By the time I got to the parade ring I was incandescent with suppressed rage. I
suspect I was snarling at people then, not smiling. And there, finally, joy of joys,
were the lads in striped polo shirts. The back of their shirts referred to ‘Marky’s
Last Stand’ and they clutched cans of Pilsner and Tennent’s Extra. Their accents
suggested they were from somewhere in the north-east, and I was pretty sure that
they had not had any significant break from alcohol for the last twenty-four
hours. They cheered as I approached, and I fought the urge to give them the
finger again.
‘Gissa smile, sweetheart. It’s Marky’s stag weekend,’ one slurred, slamming a
ham-sized hand on to my shoulder.
‘It’s Monday.’ I tried not to flinch as I peeled it off.

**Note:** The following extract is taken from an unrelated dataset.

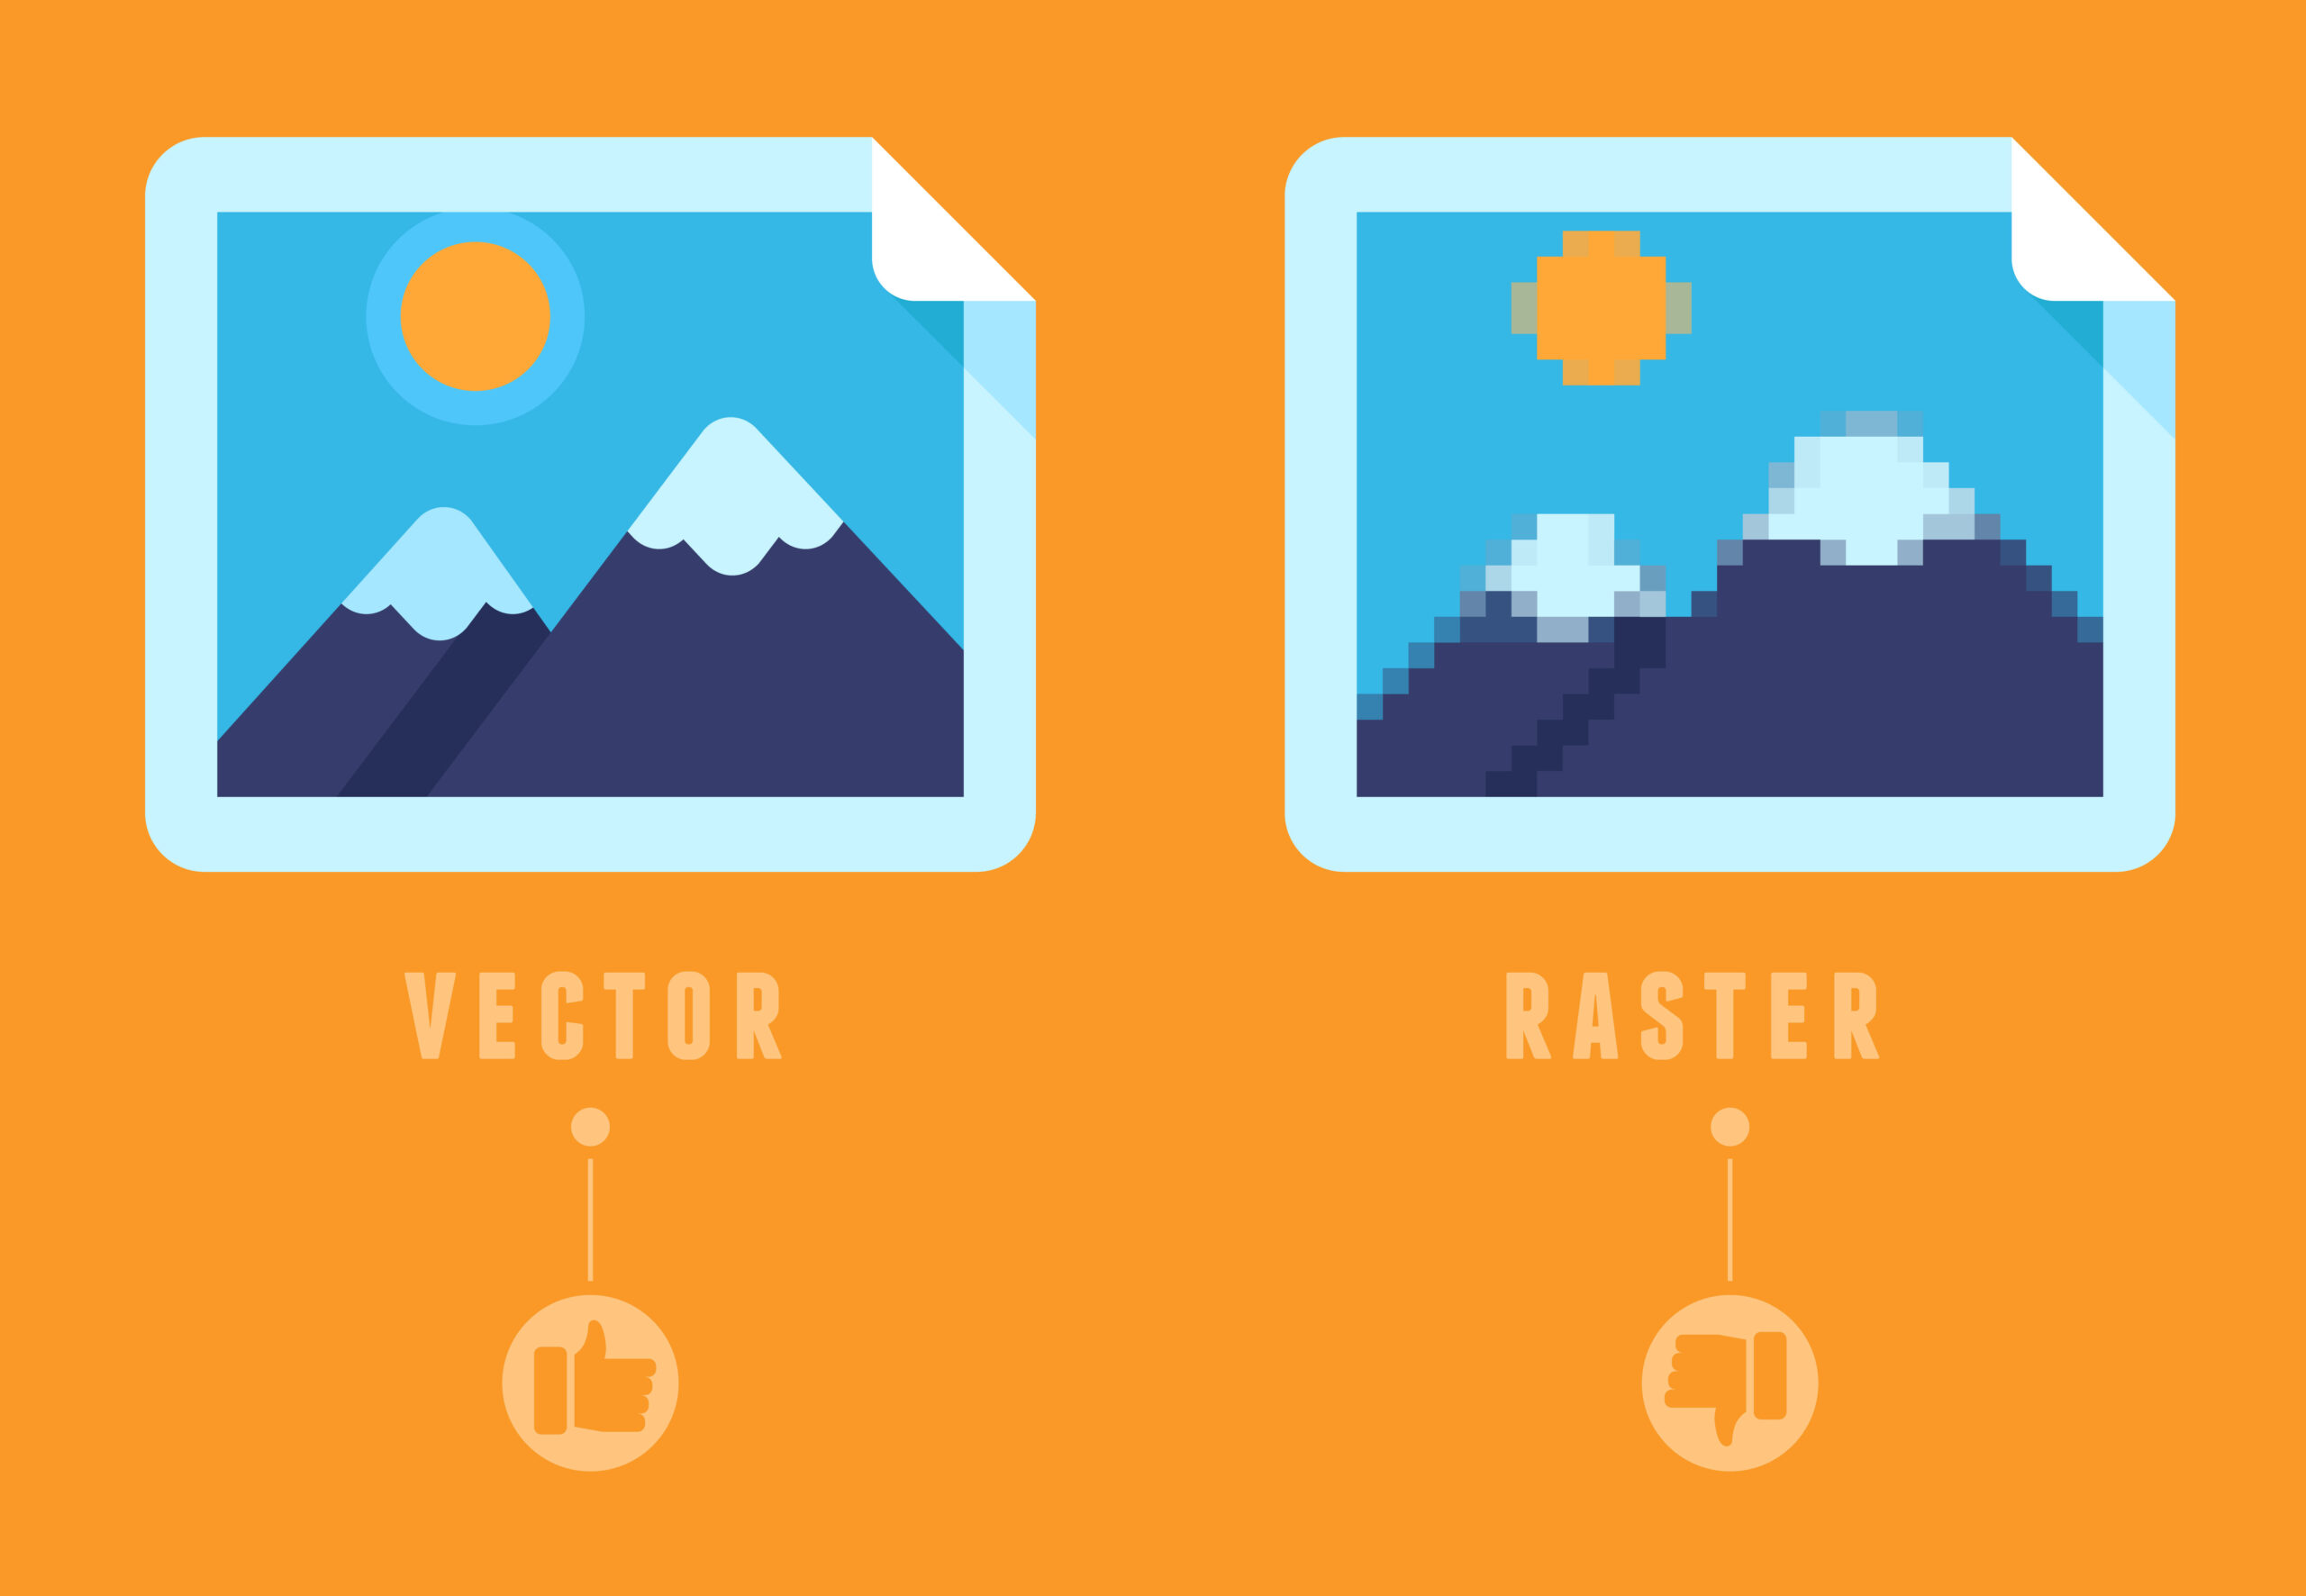 picture showing difference between vector vs raster images

‘You’re joking. Monday already?’ He reeled backwards. ‘Well, you should
give him a kiss, like.’
‘Actually,’ I said. ‘I’ve come over to ask you for help.’
‘Ah’ll give you any help you need, pet.’ This was accompanied by a lascivious
wink.
His mates swayed gently around him like aquatic plants.
‘No, really. I need you to help my friend. Over in the car park.’
‘Ah’m sorry, ah’m not sure ah’m in any fit state to help youse, pet.’
‘Hey up. Next race is up, Marky. You got money on this? I think I’ve got
money on this.’
They turned back towards the track, already losing interest. I looked over my
shoulder at the car park, seeing the hunched figure of Will, Nathan pulling vainly
at the handles of his chair. I pictured myself returning home to tell Will’s parents
that we had left Will’s super-expensive chair in a car park. And then I saw the
tattoo.
‘He’s a soldier,’ I said, loudly. ‘Ex-soldier.’
One by one they turned round.
‘He was injured. In Iraq. All we wanted to do was get him a nice day out. But
nobody will help us.’ As I spoke the words, I felt my eyes welling up with tears.
‘A vet? You’re kidding us. Where is he?’
‘In the car park. I’ve asked lots of people, but they just don’t want to help.’
It seemed to take a minute or two for them to digest what I’d said. But then
they looked at each other in amazement.
‘C’mon, lads. We’re not having that.’ They swayed after me in a wayward
trail. I could hear them exclaiming between themselves, muttering. ‘Bloody
civvies ... no idea what it’s like ... ’
When we reached them, Nathan was standing by Will, whose head had sunk
deep into the collar of his coat with cold, even as Nathan covered his shoulders
with another blanket.
‘These very nice gentlemen have offered to help us,’ I said.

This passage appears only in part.